The Bhagavad Gita · Chapter 5 · verse 5.22

The pleasures born of contact with external objects are wombs of suffering. They have a beginning and an end. The wise do not delight in them.

Sanskrit (Devanagari)

ये हि संस्पर्शजा भोगा दुःखयोनय एव ते। आद्यन्तवन्तः कौन्तेय न तेषु रमते बुधः॥

Transliteration

ye hi saṁsparśa-jā bhogā duḥkha-yonaya eva te; ādy-antavantaḥ kaunteya na teṣu ramate budhaḥ

English translation

The pleasures born of contact with external objects are wombs of suffering. They have a beginning and an end. The wise do not delight in them.

Meaning — what the verse is actually saying

Every external pleasure has the same structure: it begins, it peaks, it ends, and what follows is craving for it again.
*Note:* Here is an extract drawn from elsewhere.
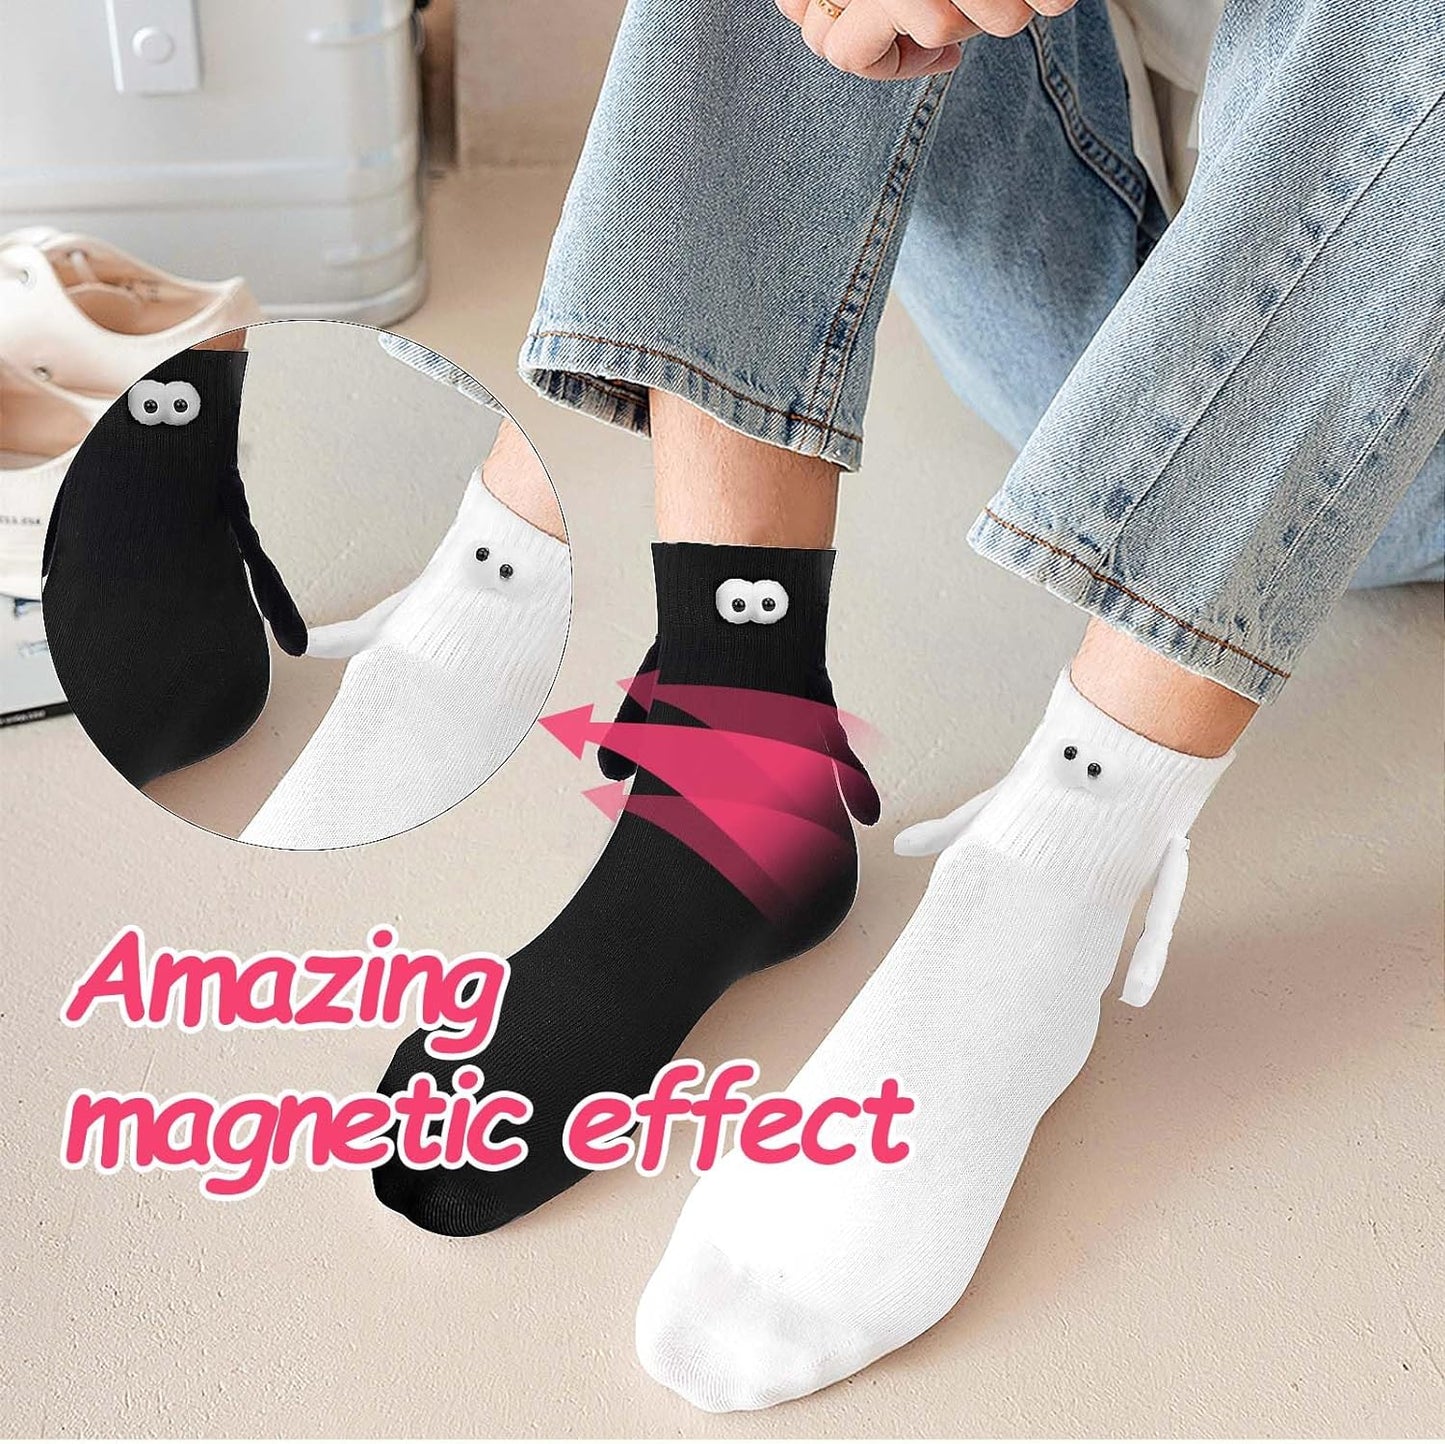 Magnetic Hand holding Socks
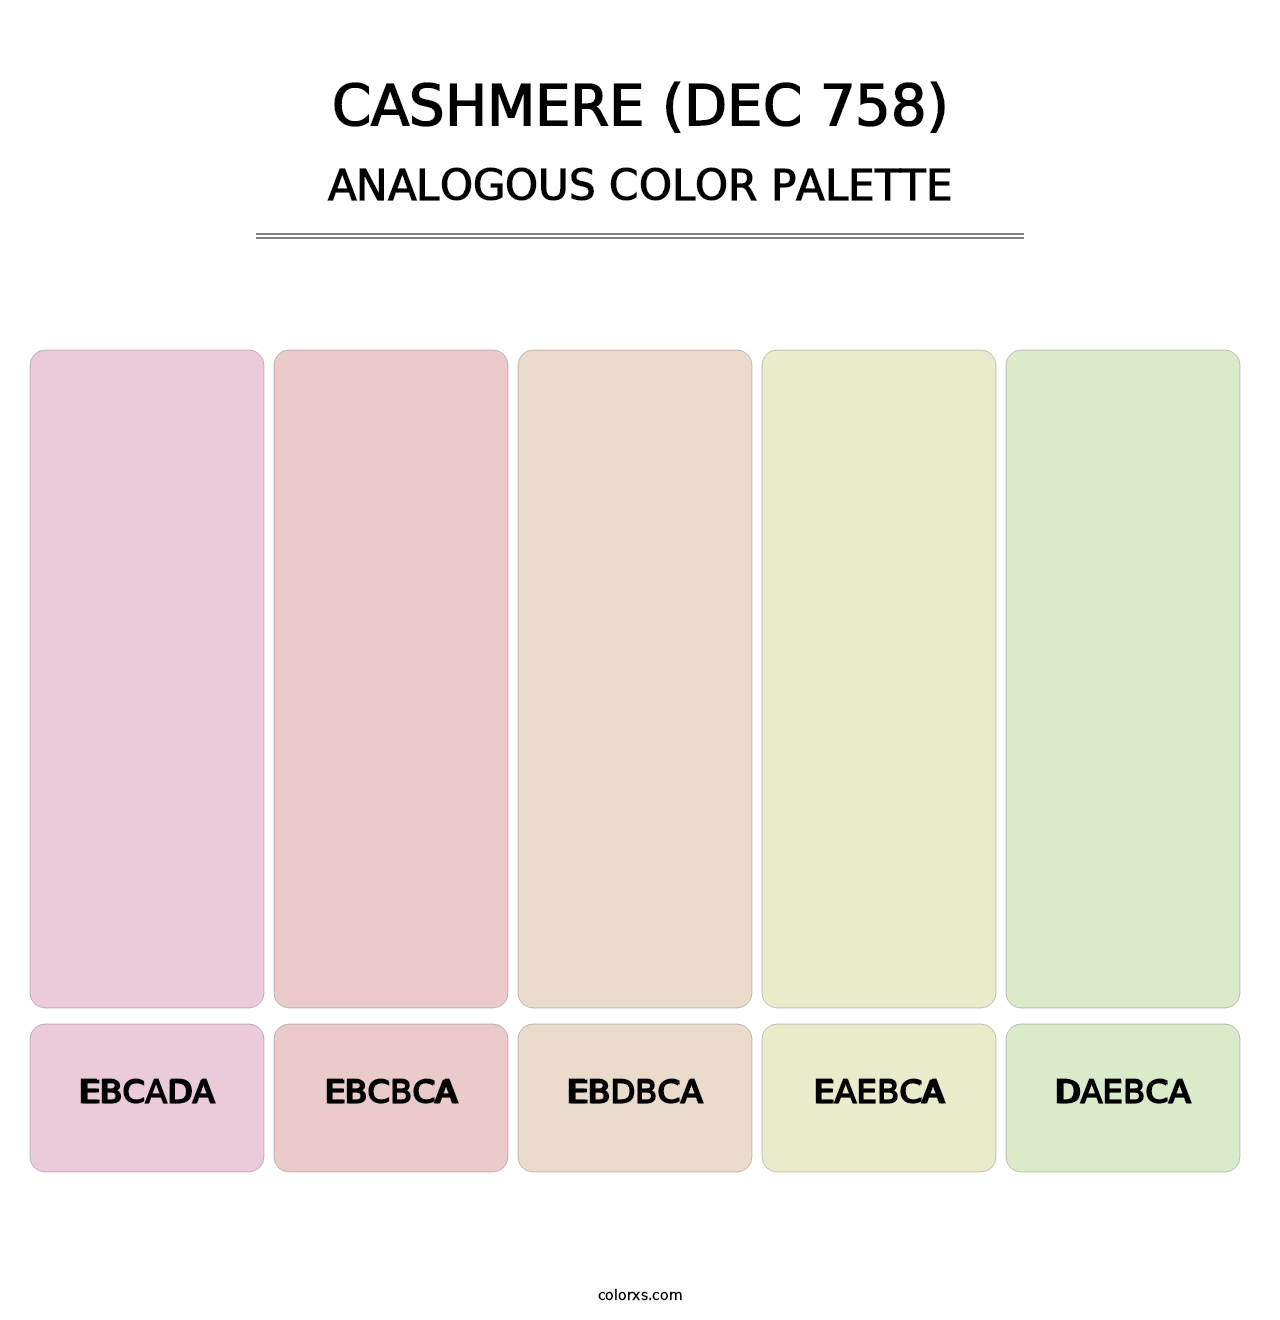 Cashmere (DEC 758) - Analogous Color Palette

The Gita is not anti-pleasure; it is honest about its mechanism. Pleasure from the outside generates the craving that becomes the next round of suffering.

Modern practice — what to do today because of this

Notice the rhythm of any habitual pleasure (scrolling, snacking, gossiping). The pleasure phase is short; the craving phase that follows is long. Awareness of the mechanism, alone, breaks much of its grip.